## Data block
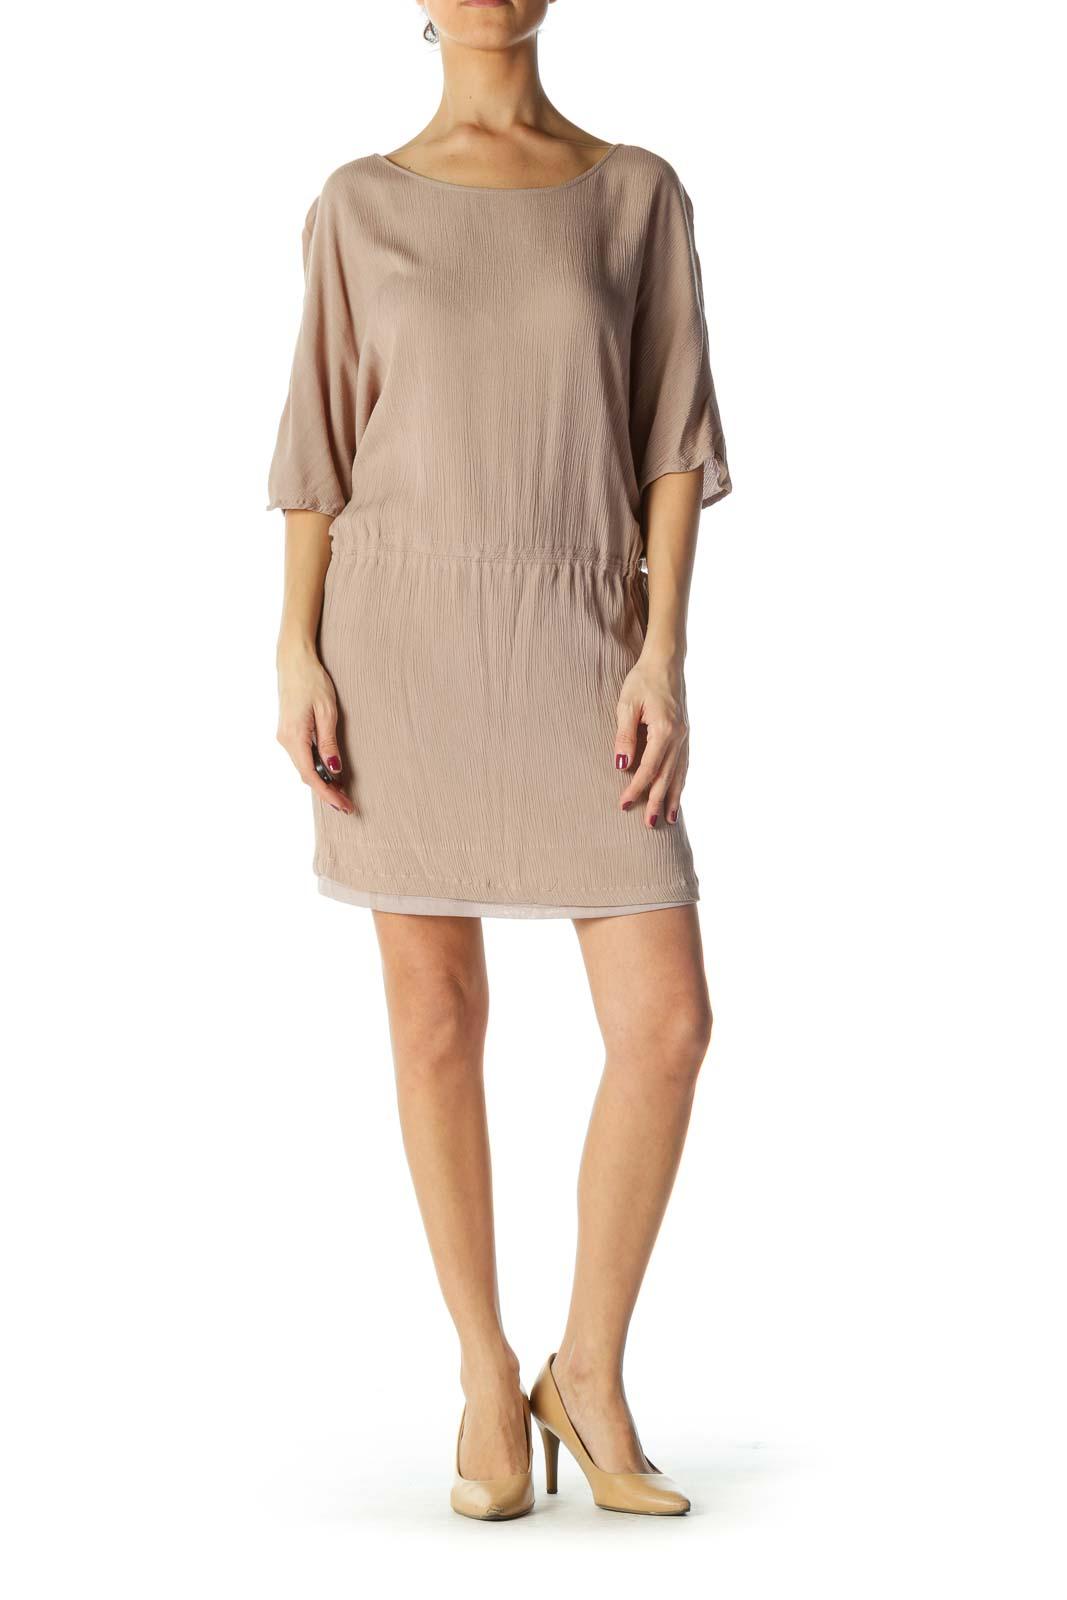 Brown Ribbed Short Sleeve Dress
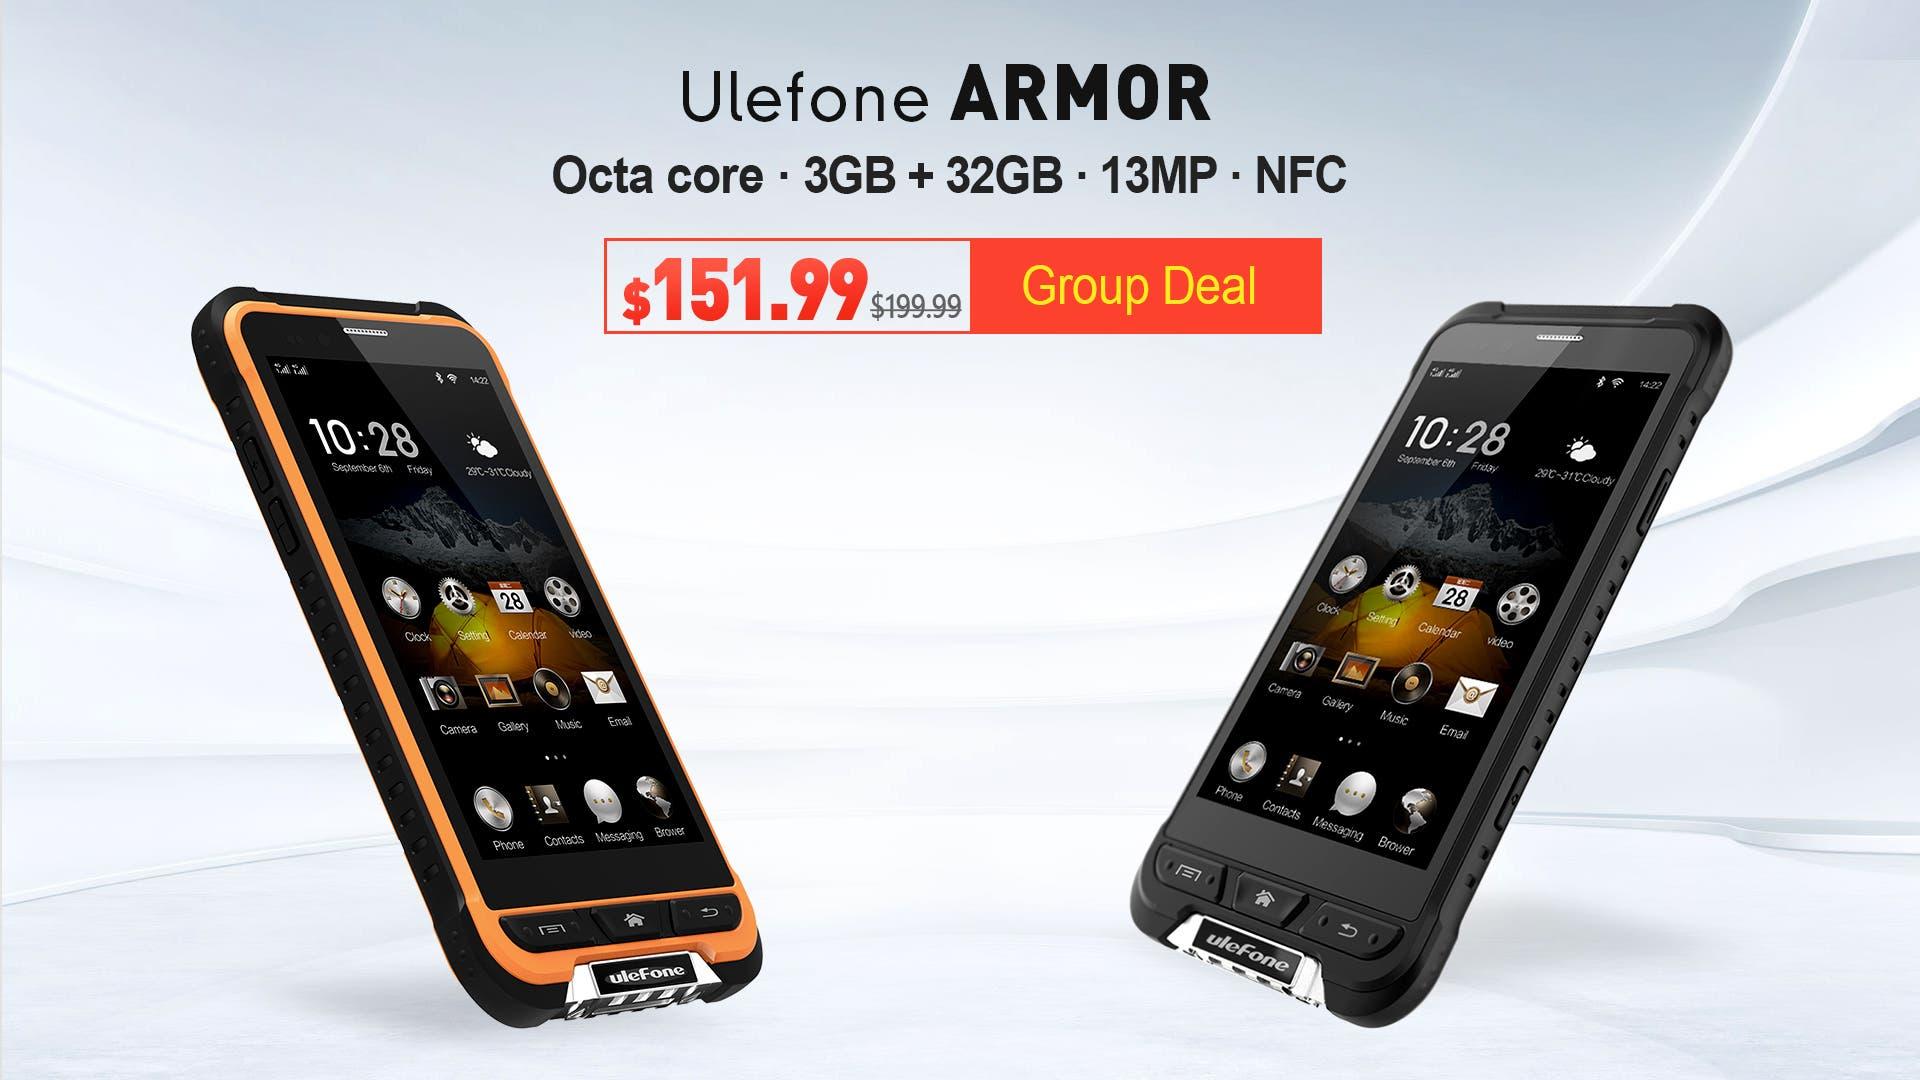 Ulefone Armor Group Deal
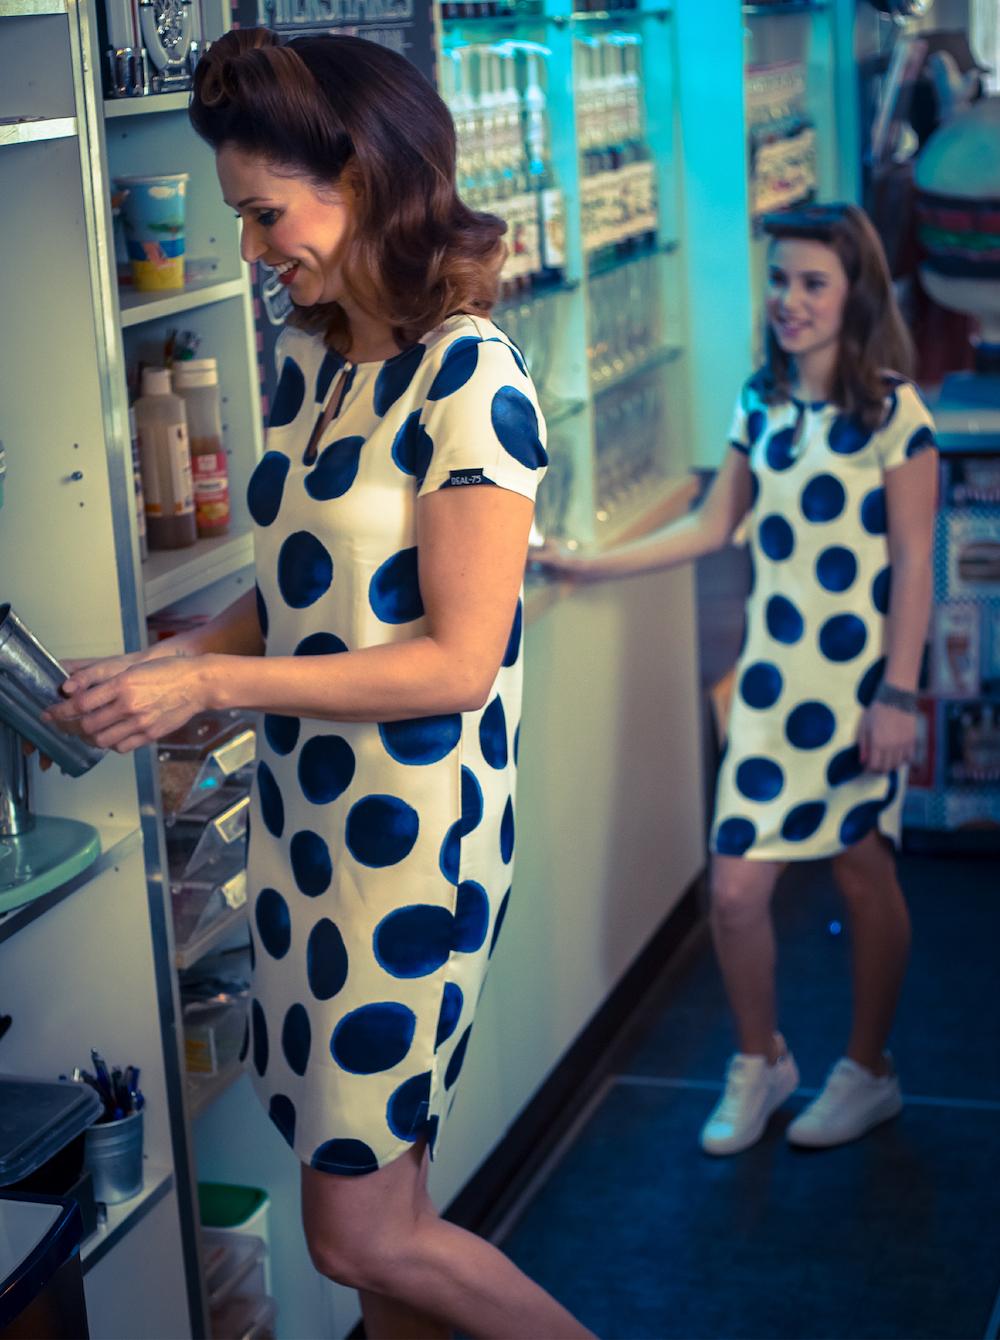 Ropa para madre e hija, vestidos de Deal-75 para verano
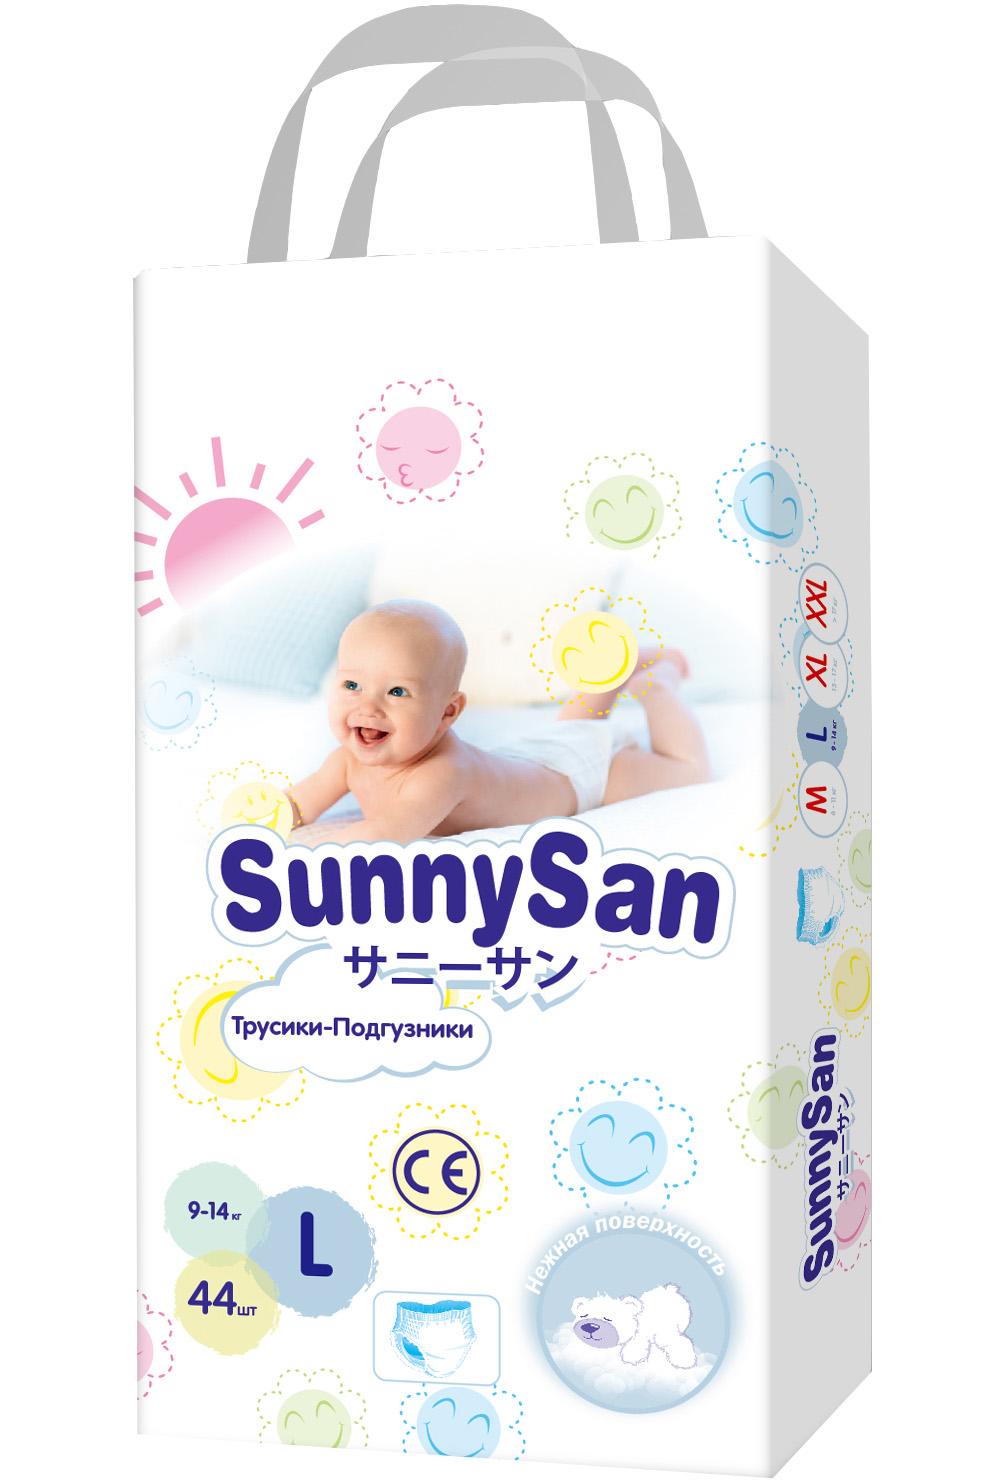 Трусики-подгузники SunnySan L (9-14 кг) 44 шт. трусики подгузники merries l 9 14 кг 44 шт

## Your instructions
From the line containing "Ropa para madre" down to the last line of the data, print every line exactly and nothing else. Pictures stay out of the copy.

## Exercise response
 Ropa para madre e hija, vestidos de Deal-75 para verano
 Трусики-подгузники SunnySan L (9-14 кг) 44 шт. трусики подгузники merries l 9 14 кг 44 шт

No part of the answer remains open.